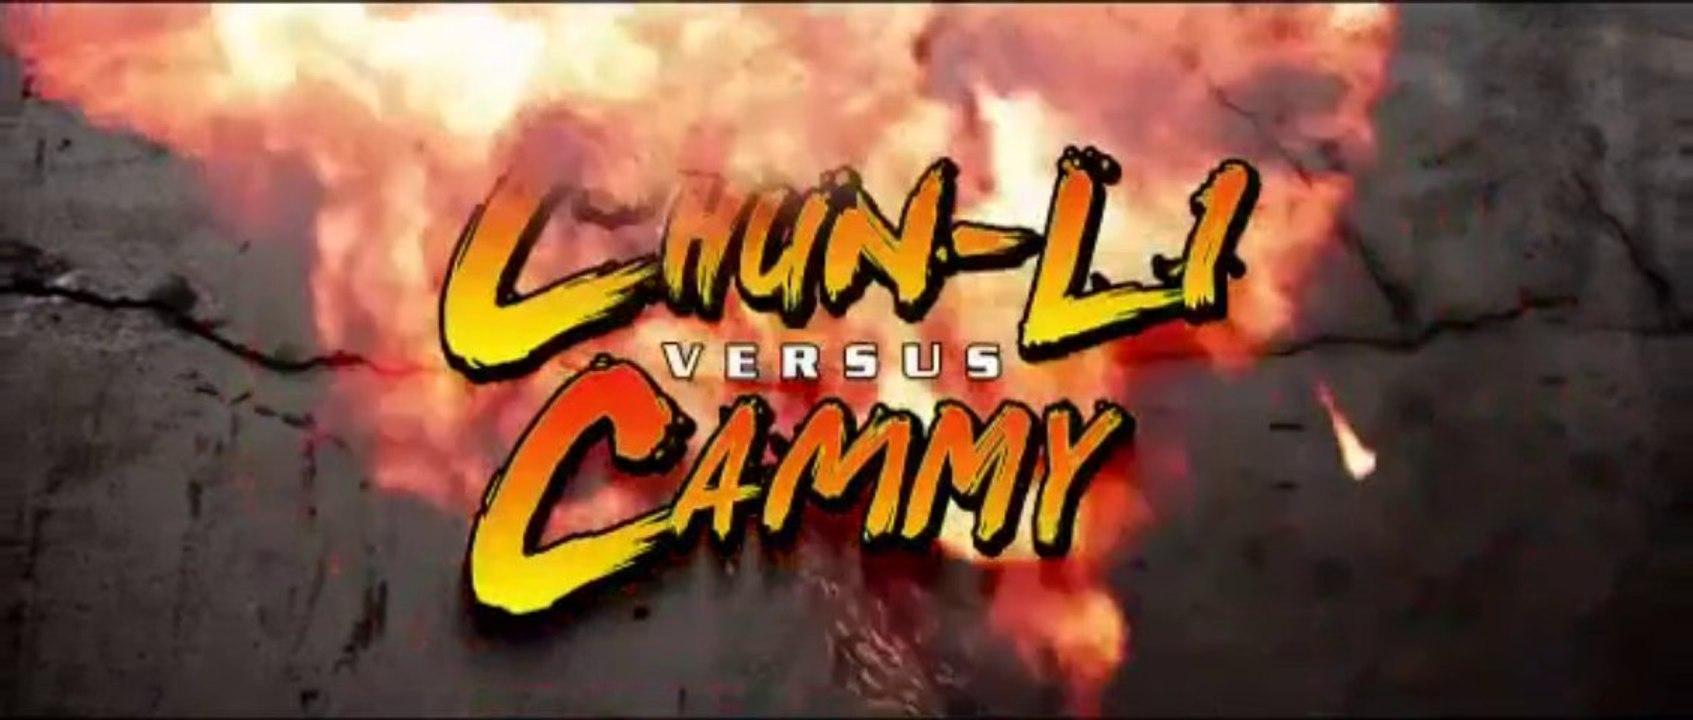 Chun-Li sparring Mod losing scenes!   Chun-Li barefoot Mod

# # #

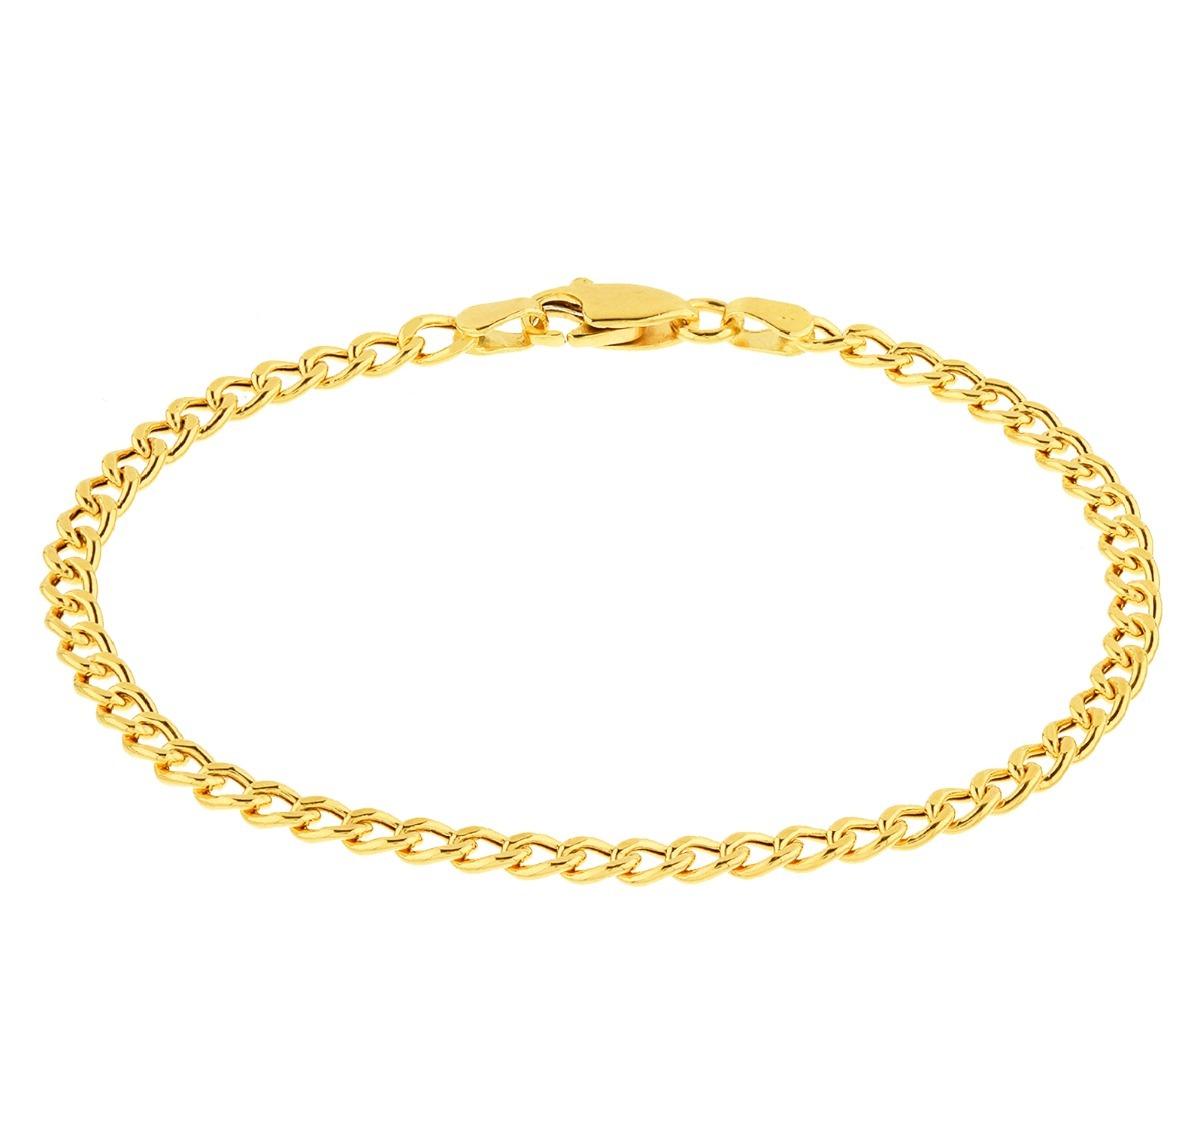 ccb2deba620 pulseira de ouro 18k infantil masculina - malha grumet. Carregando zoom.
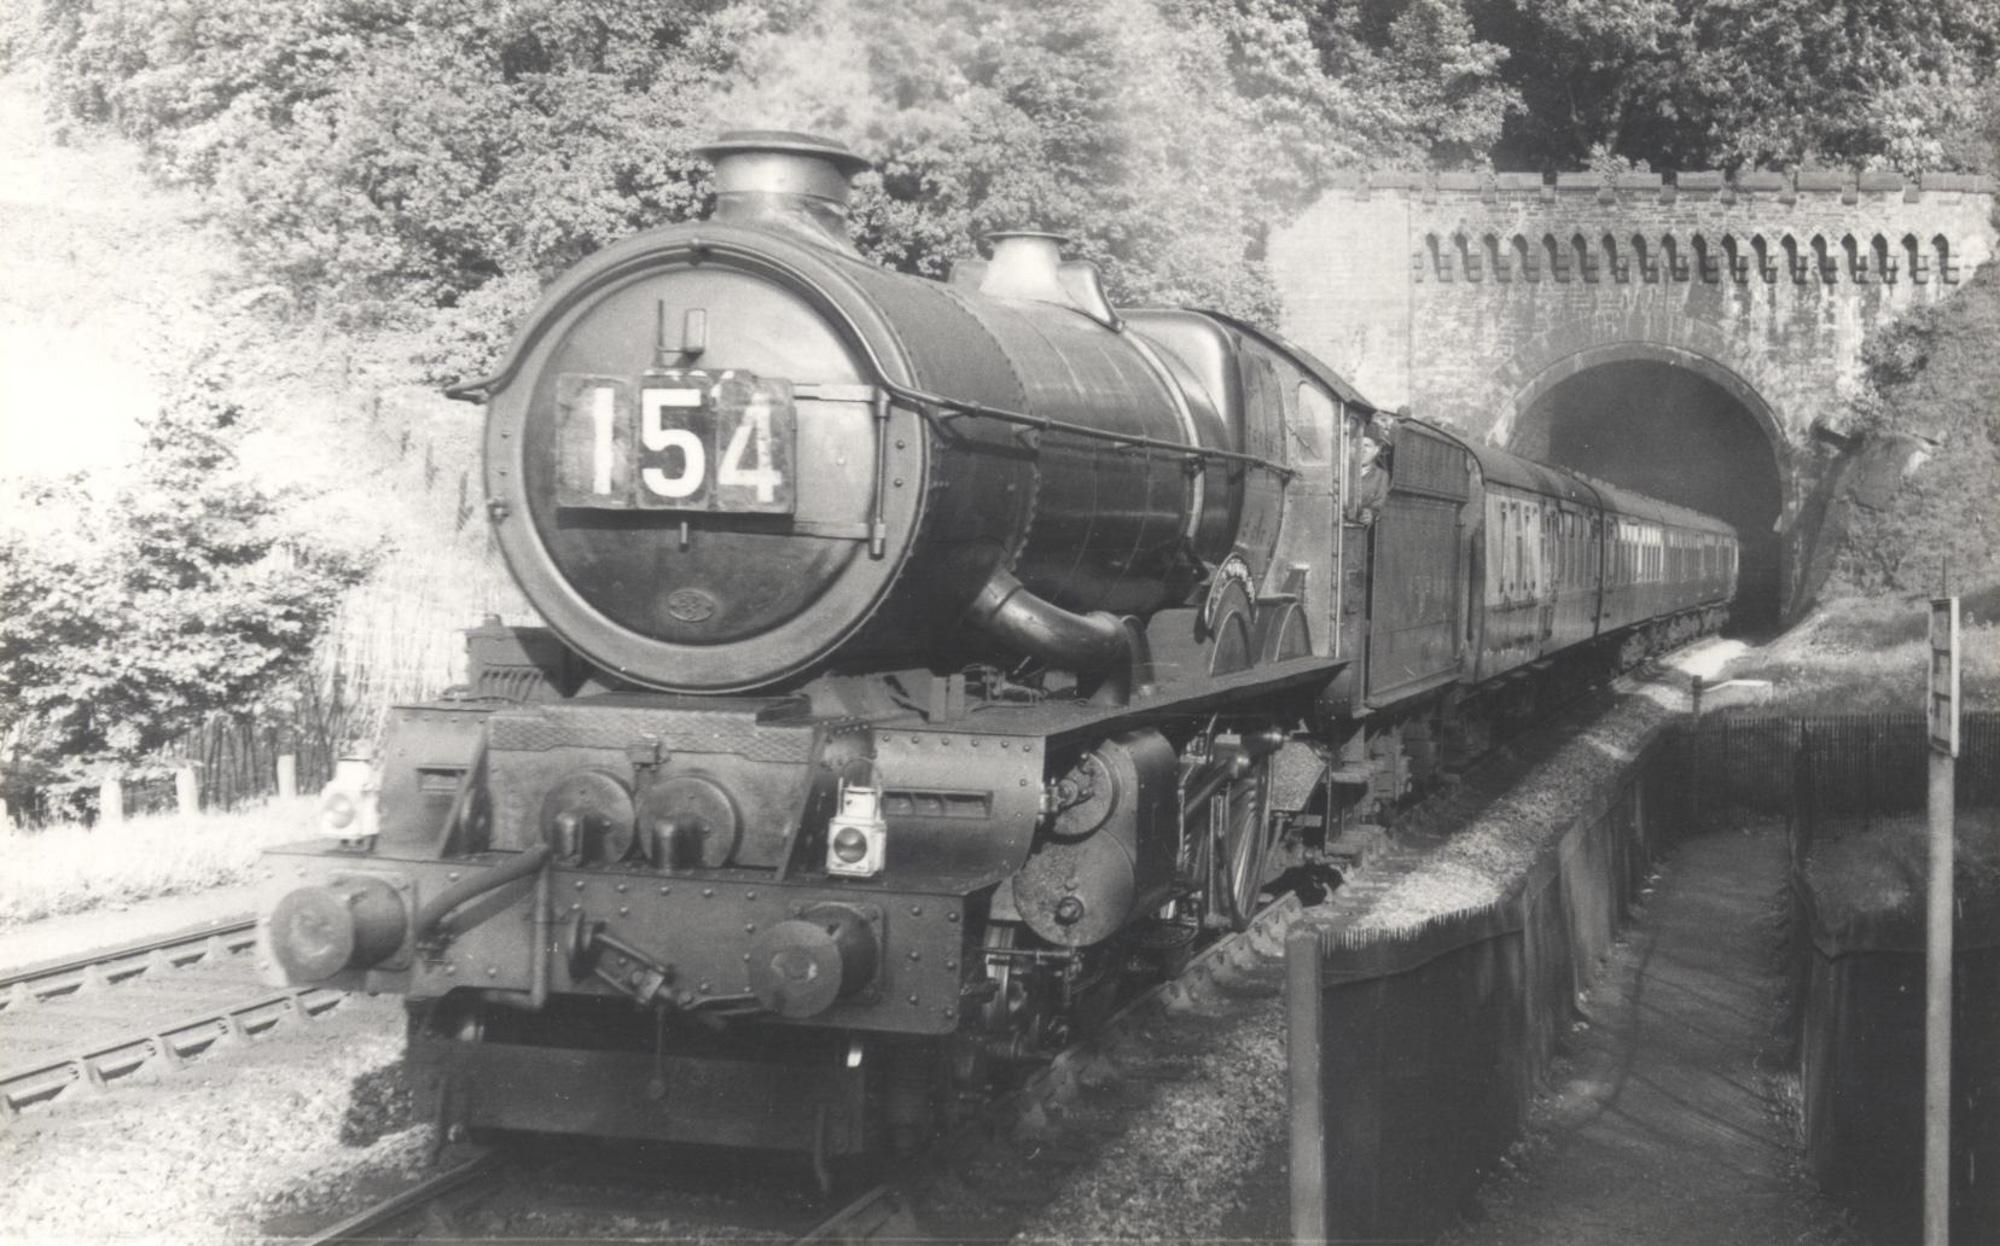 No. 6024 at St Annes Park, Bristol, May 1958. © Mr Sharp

# # #

■ Work instructions
In the entries above, find the line that contains "ccb2deba620 pulseira de" and the line that contains "No. 6024 at". Reproduce exactly those two lines and every line between them, but not the pictures.

■ Output below
 ccb2deba620 pulseira de ouro 18k infantil masculina - malha grumet. Carregando zoom.
 No. 6024 at St Annes Park, Bristol, May 1958. © Mr Sharp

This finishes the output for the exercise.